One of Us by Michael Marshall Smith.

I can also recommend the rest of his stuff which is not in this specific niche.

Also, MeFi's OwnTM jscalzi's Old Man's War Universe features the transfer of consciousness between bodies, similarly to Altered Carbon. I also recommend those books.
posted by Jakey at 5:09 PM on September 27, 2012


Best answer: If you don't mind a YA scifi novel: Devil on My Back features a society where everyone wears infopacks to download information directly to their brains. As a result everyone believes what the computer tells them, and everyone has stopped thinking for themselves. The story is about the main character's escape from that society and later returns to attempt to fix what went wrong in their failed utopia.
posted by Aliera at 6:46 PM on September 27, 2012


Best answer: There's an episode from the 1990s new Outer Limits ("Stream of Consciousness) where almost everyone gets all their information through implants. Only the rare "disabled" person who can't use the implants knows how to read, and one of them plays an important role when something goes wrong with the data system.
posted by audi alteram partem at 6:58 PM on September 27, 2012


Doctor Who (the Christopher Eccleston Doctor) - The Long Game
posted by starvingartist at 8:14 PM on September 27, 2012


Best answer: I think a lot of Greg Egan's short stories are better than his novel-length works, and this is a theme he comes to a lot.

Michael Swanwick's Vacuum Flowers and Stations of the Tide both turn on aspects of this.

Raphael Carter's The Fortunate Fall, a bit hard to find but good.

Walter Jon Williams' Aristoi.

Seconding the recommendation for GAE's Budayeen stories.

Taking a slightly different tack, so perhaps not exactly what you're looking for, Vernor Vinge's A Deepness in the Sky.

You can get some thoroughly unreliable narrators if their minds are subject to editing mid-story and they don't know about it.

If simple personality downloading/transference is enough (as opposed to being able to go in and add/remove/modify memories or opinions or traits) then there's John Varley's Ophiuchi Hotline/Nine Worlds books; WJW's Voice of the Whirlwind; a whole bunch of Singularity fiction and "I've been restored from backup and must find my own murderer!" stories.
posted by hattifattener at 9:07 PM on September 27, 2012


On the movie front how has Blade Runner not been mentioned, and cheesy though it is, Total Recall?

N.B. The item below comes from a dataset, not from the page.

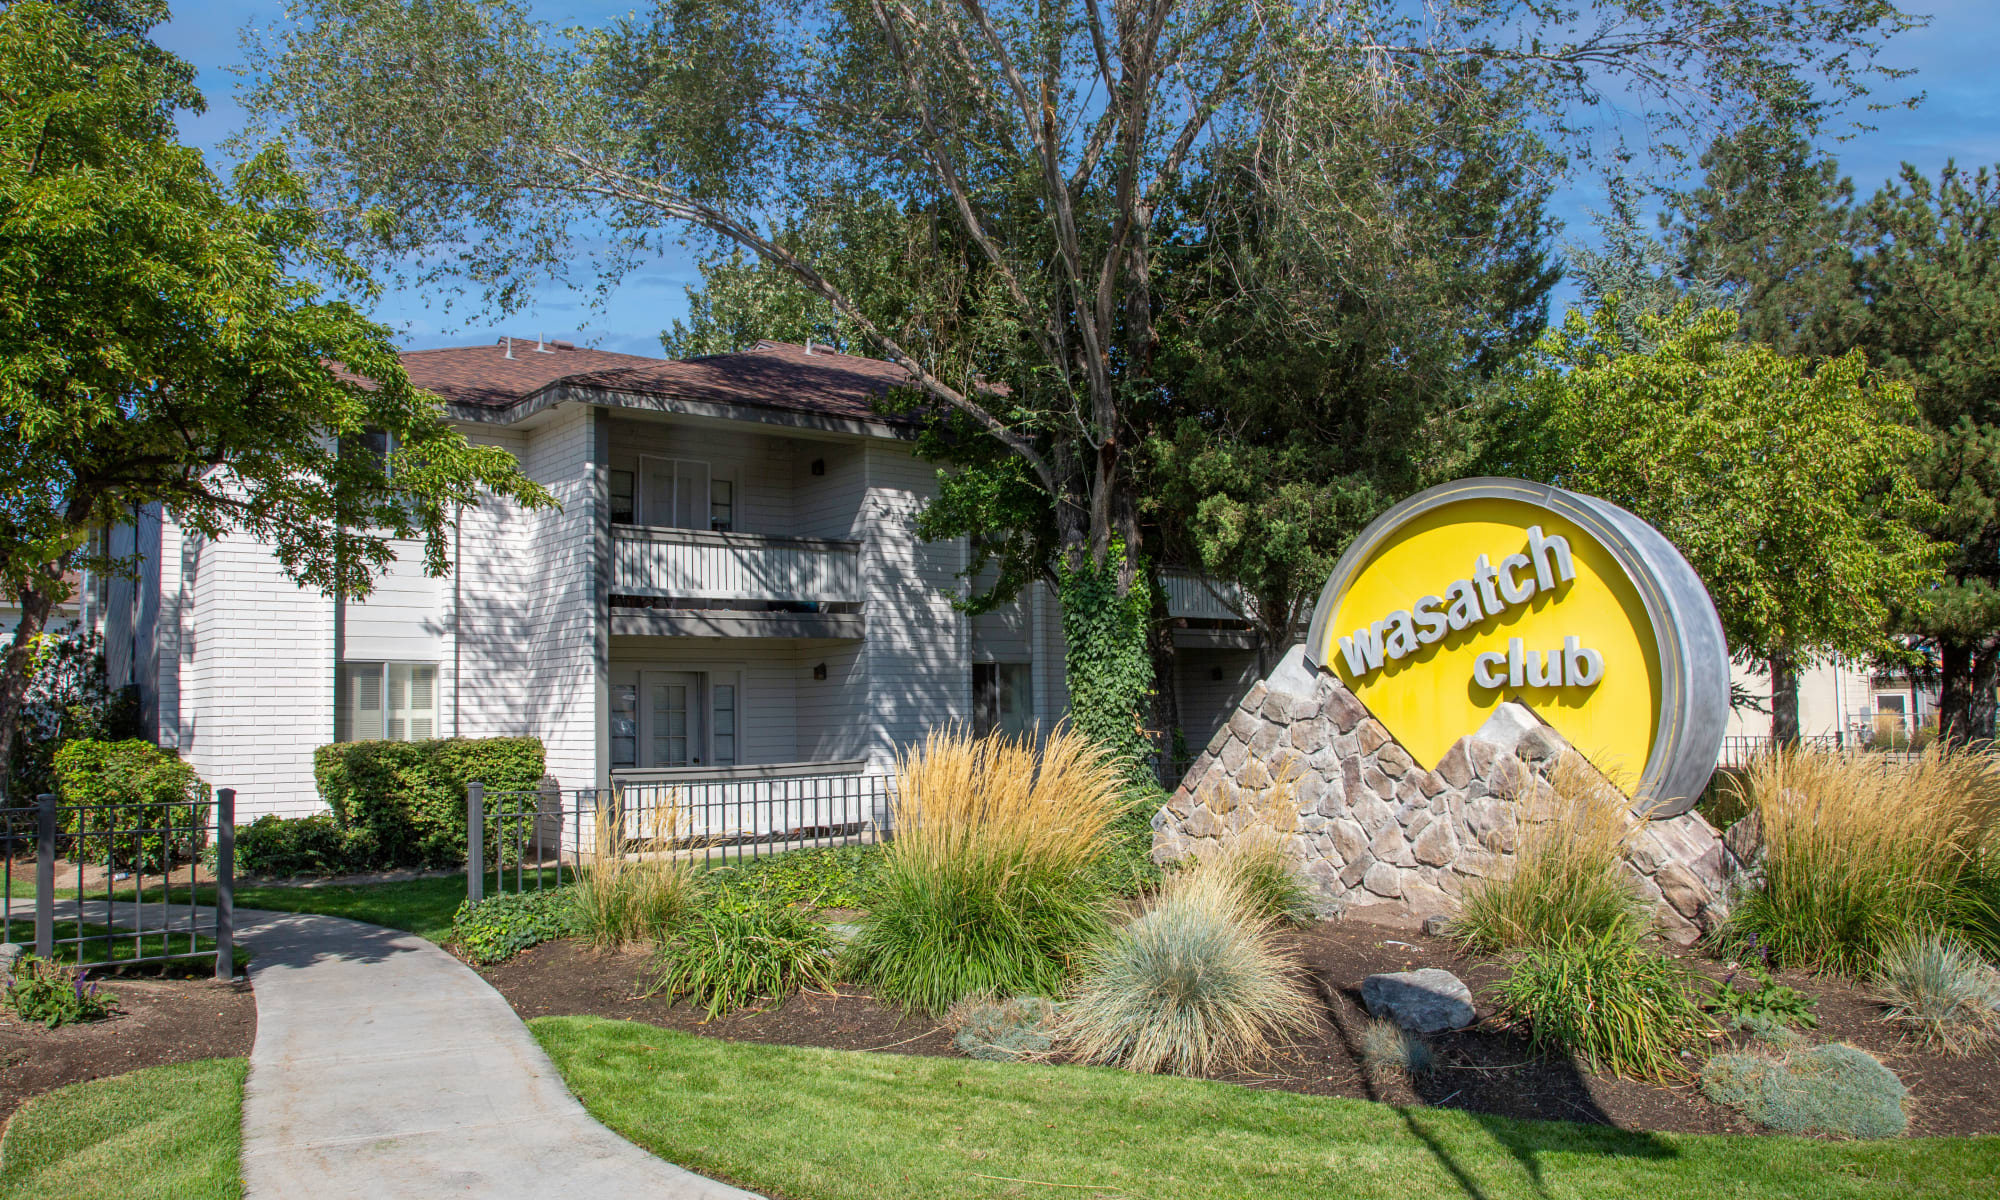 Resident services at Wasatch Club Apartments in Midvale, Utah

PKD's work is usually more about perception and the loss of consensus from consensus reality, but it's only a short hop to there from brain downloads.
posted by hattifattener at 9:12 PM on September 27, 2012


I seem to recall this is one of the abilities that people have in Stars in My Pocket Like Grains of Sand. Though it comes up more to solve a problem or two and isn't the main focus of the novel.
posted by fifteen schnitzengruben is my limit at 10:10 PM on September 27, 2012


Best answer: Profession by Isaac Asimov.
posted by JimN2TAW at 10:18 PM on September 27, 2012


The kids' TV show Joe 90 was based on this, the hero being a 9 year old boy who could load other people's knowledge into his brain when he put his special glasses on. Also every cyberpunk book ever.
posted by w0mbat at 3:07 AM on September 28, 2012


Charlie Stross' Accelerando has something like this (as well as the reverse, the ability to upload one's brain onto other hardware).
posted by attercoppe at 7:09 AM on September 28, 2012


Best answer: Seconding Aristoi. I love that book.
posted by cereselle at 7:52 AM on September 28, 2012


The brain-computer interface in 3001: The final odyssey
posted by abdulf at 8:09 AM on September 28, 2012


John Varley's Steel Beach has some interesting stuff about this.
posted by Zed at 2:27 PM on September 28, 2012


The Stargate SG1 episode "Learning Curve" dealt with this in a pretty decent episode.